Anderson Manufacturing Company is a state of the art manufacturing facility with more than thirty years experience. Anderson manufactures receivers for their AR rifles in a forged option or as a machined billet. All receivers are manufactured to 100% mil-spec with hard anodized 8625 F finish, 7075-T6 Aluminum. All tolerances are held to strictest match grade levels.

In addition to the rigid quality controls of manufacturing, the feature that sets the Anderson AM15 Rifles apart from the masses is the proprietary RF85 TREATMENT allowing Anderson weapon systems to operate efficiently without traditional "wet "lubricant.

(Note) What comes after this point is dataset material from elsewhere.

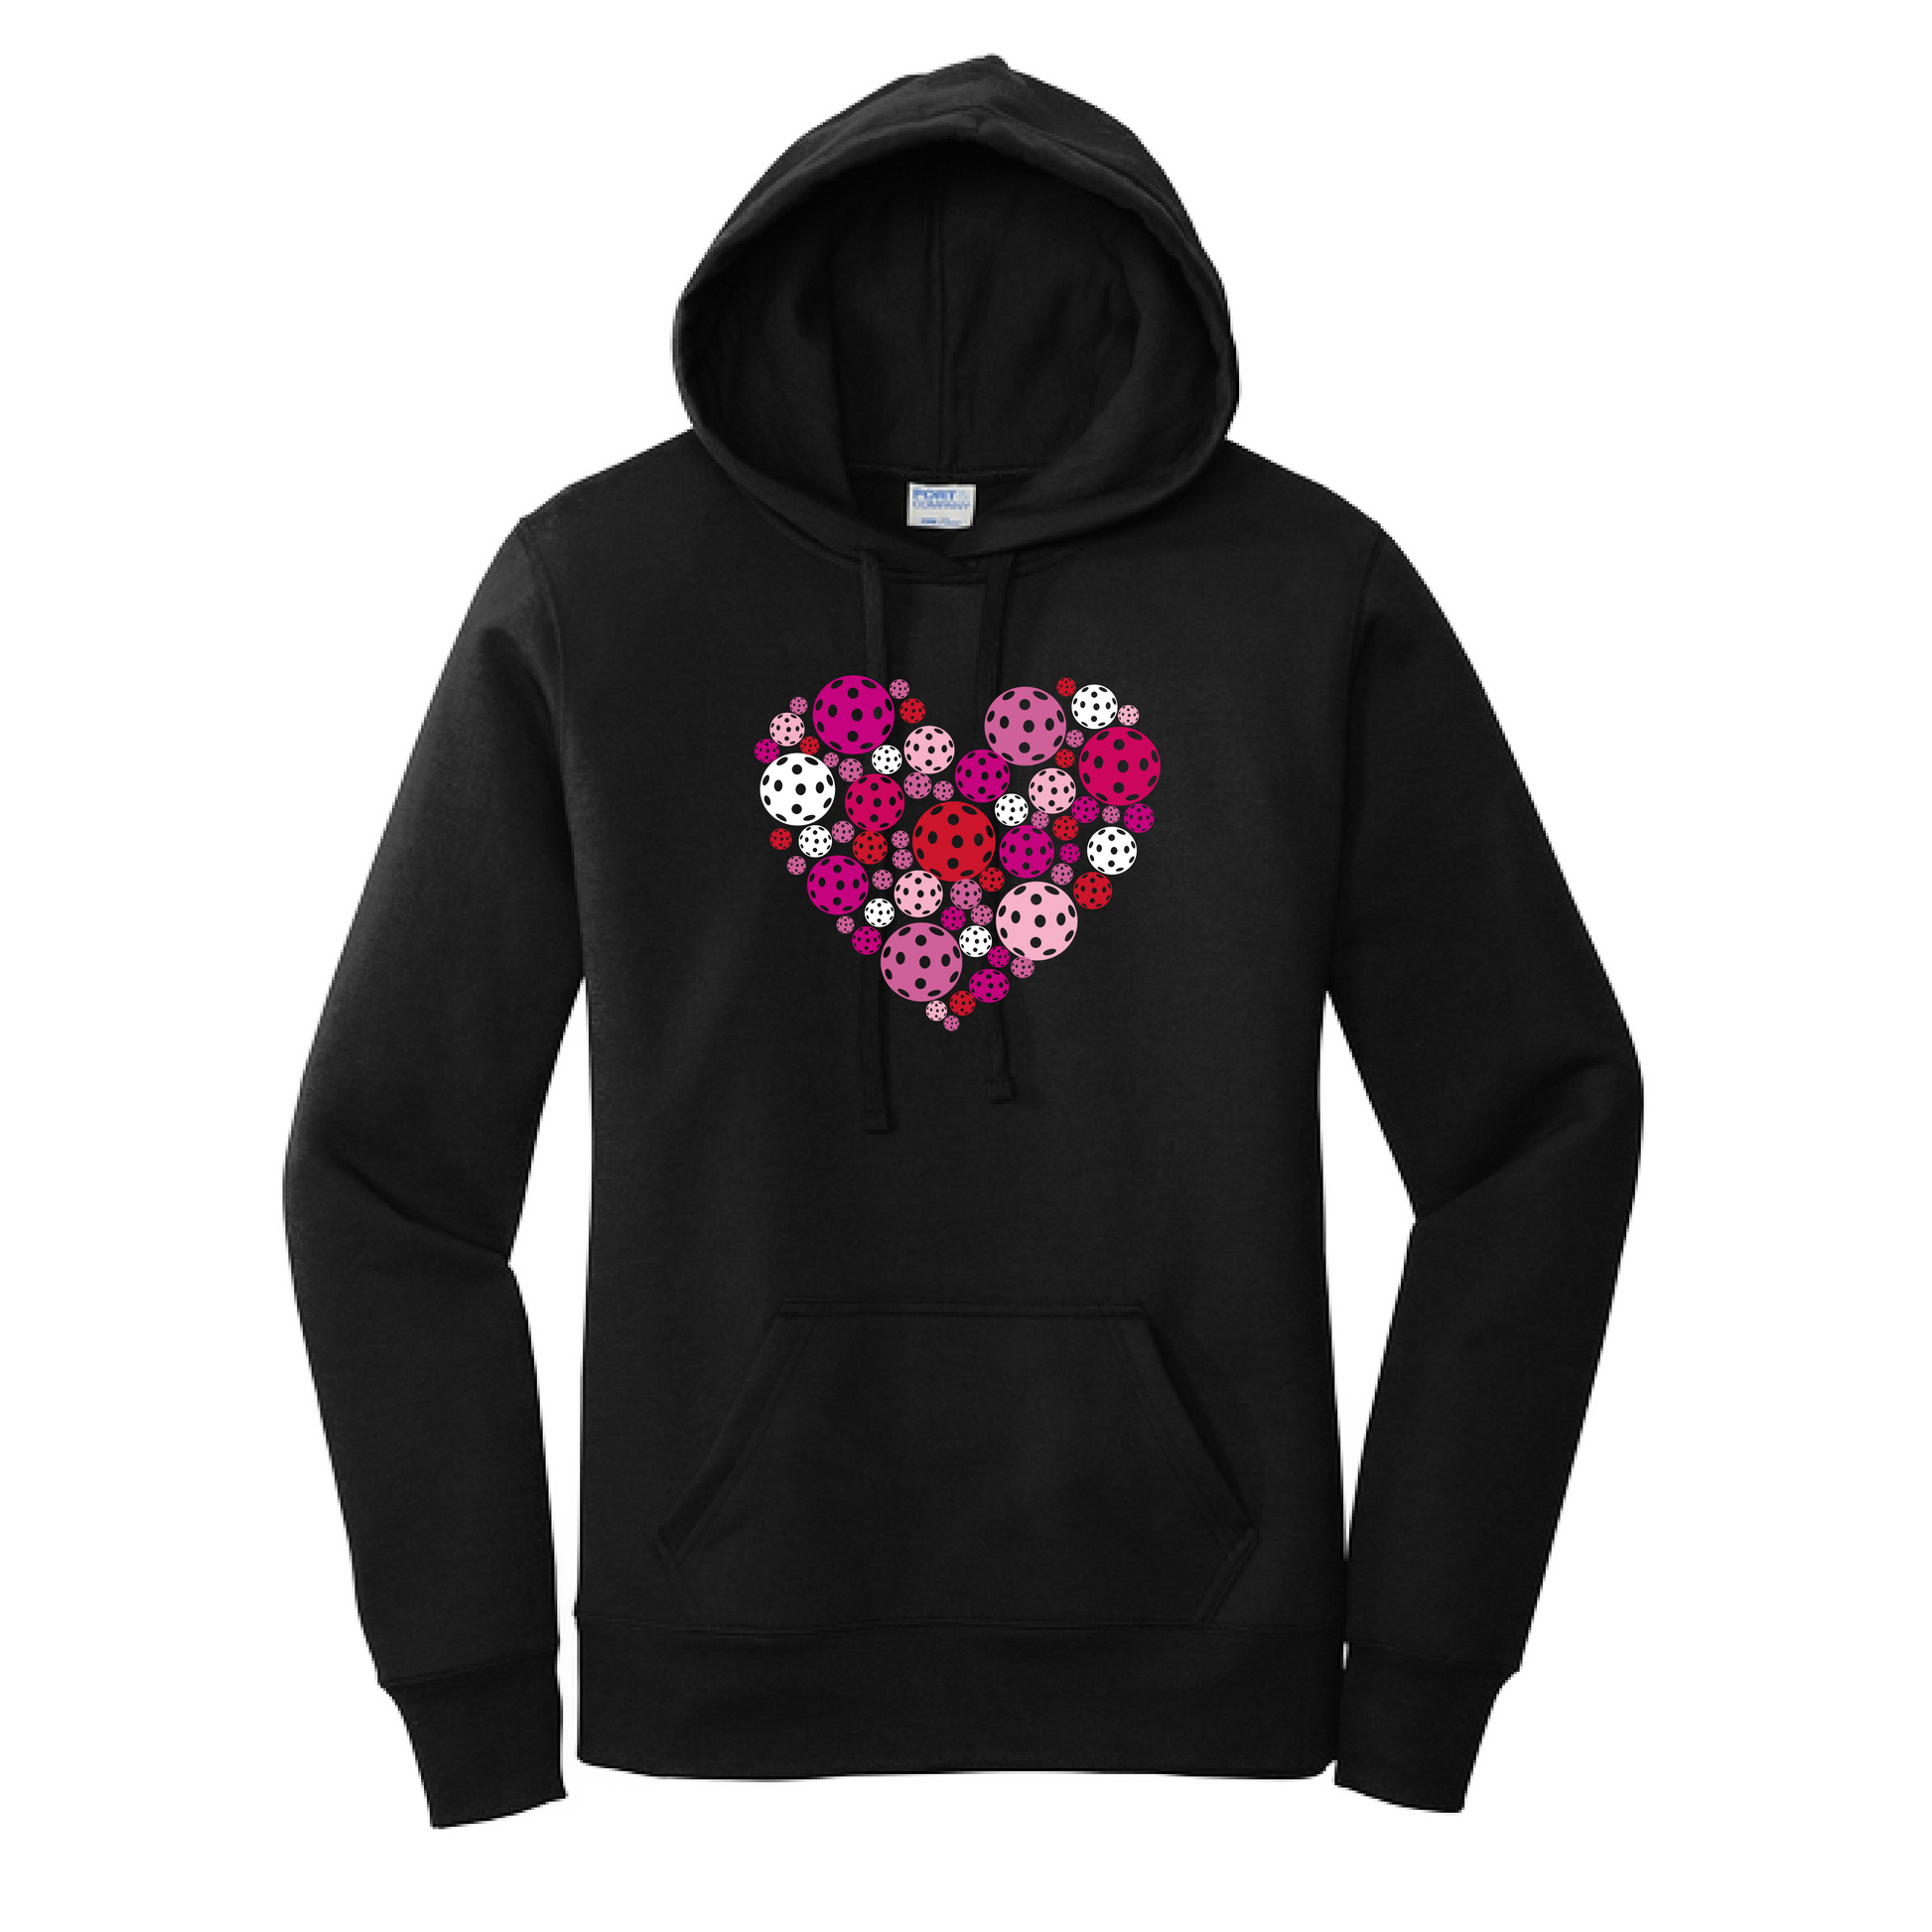 This Women's Fitted Hoodie Sweatshirt will have you cranking up the style! Crafted from a 50/50 Cotton/Poly blend, the ultra-soft lined interior and cozy hood will keep you comfy while the front pouch pocket amps up your look. Show off your figure in style.
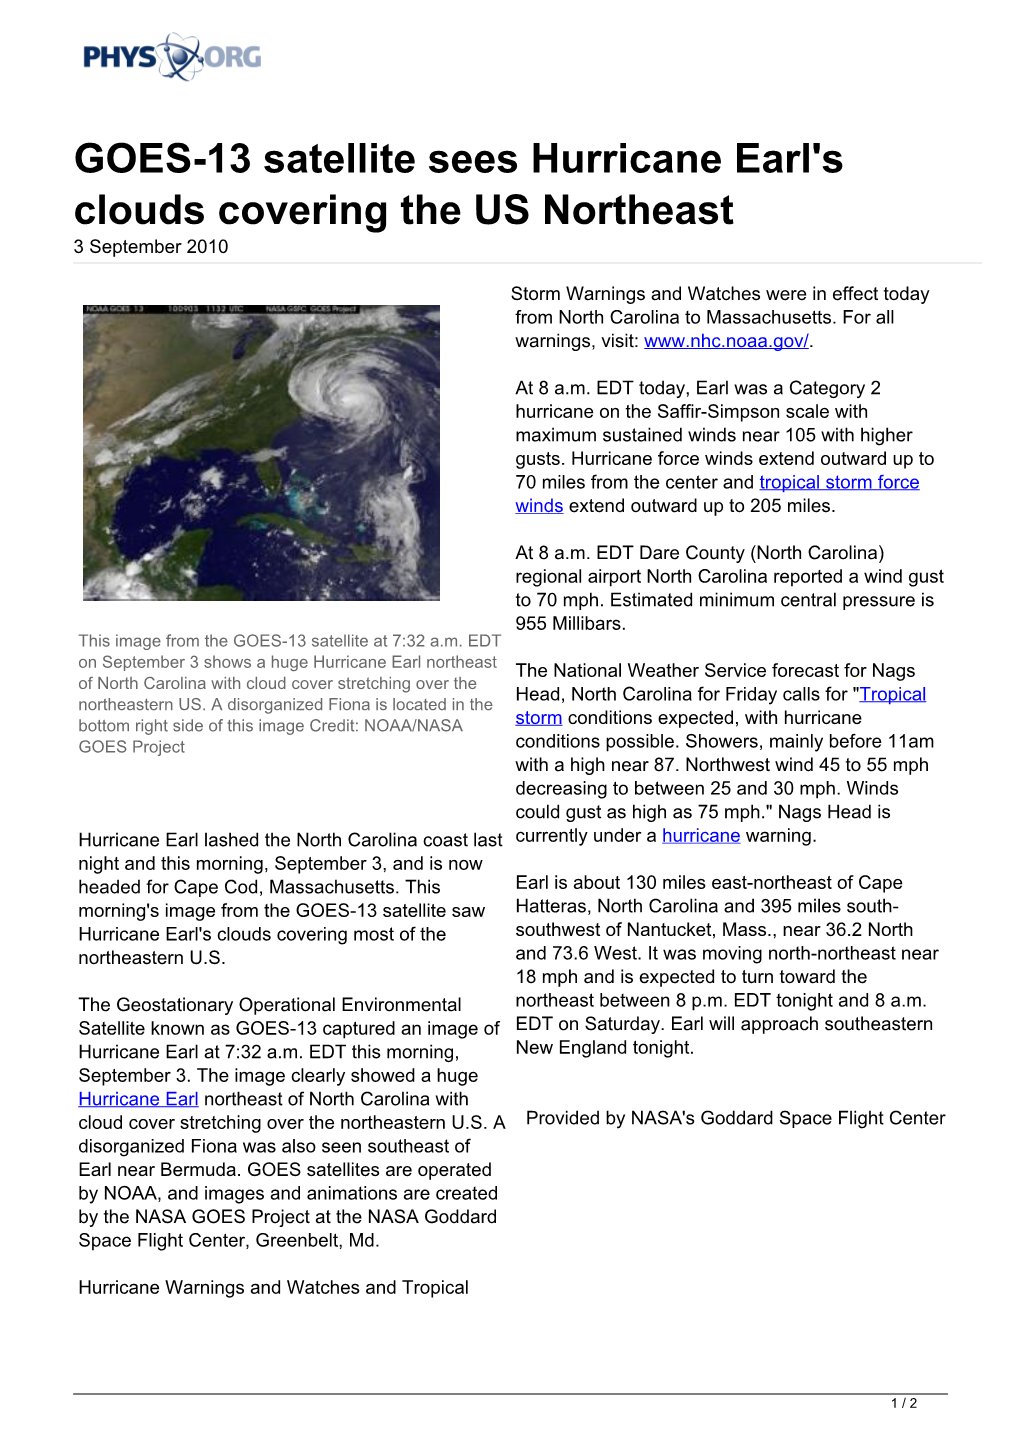 GOES-13 Satellite Sees Hurricane Earl's Clouds Covering the US Northeast 3 September 2010

In a coefficient friction test performed by Oak Ridge National Laboratory, the reduction of friction on all steel surfaces was reduced by 85% -- without traditional wet lubricant, hence the name RF85. An RF-85 treated weapon cycles faster and more reliably, operates at cooler temperatures, experiences significantly less wear and, without traditional wet lubricant, doesn't experience failures due to excess dirt and carbon fouling in the action. According to the Oak Ridge Testing Report, "There are several advantages associated with friction reduction in general, two of those being heat reduction and increased component life." Another huge advantage offered by the RF-85 Treatment is incredibly easy cleanup and dramatically reduced carbon fouling.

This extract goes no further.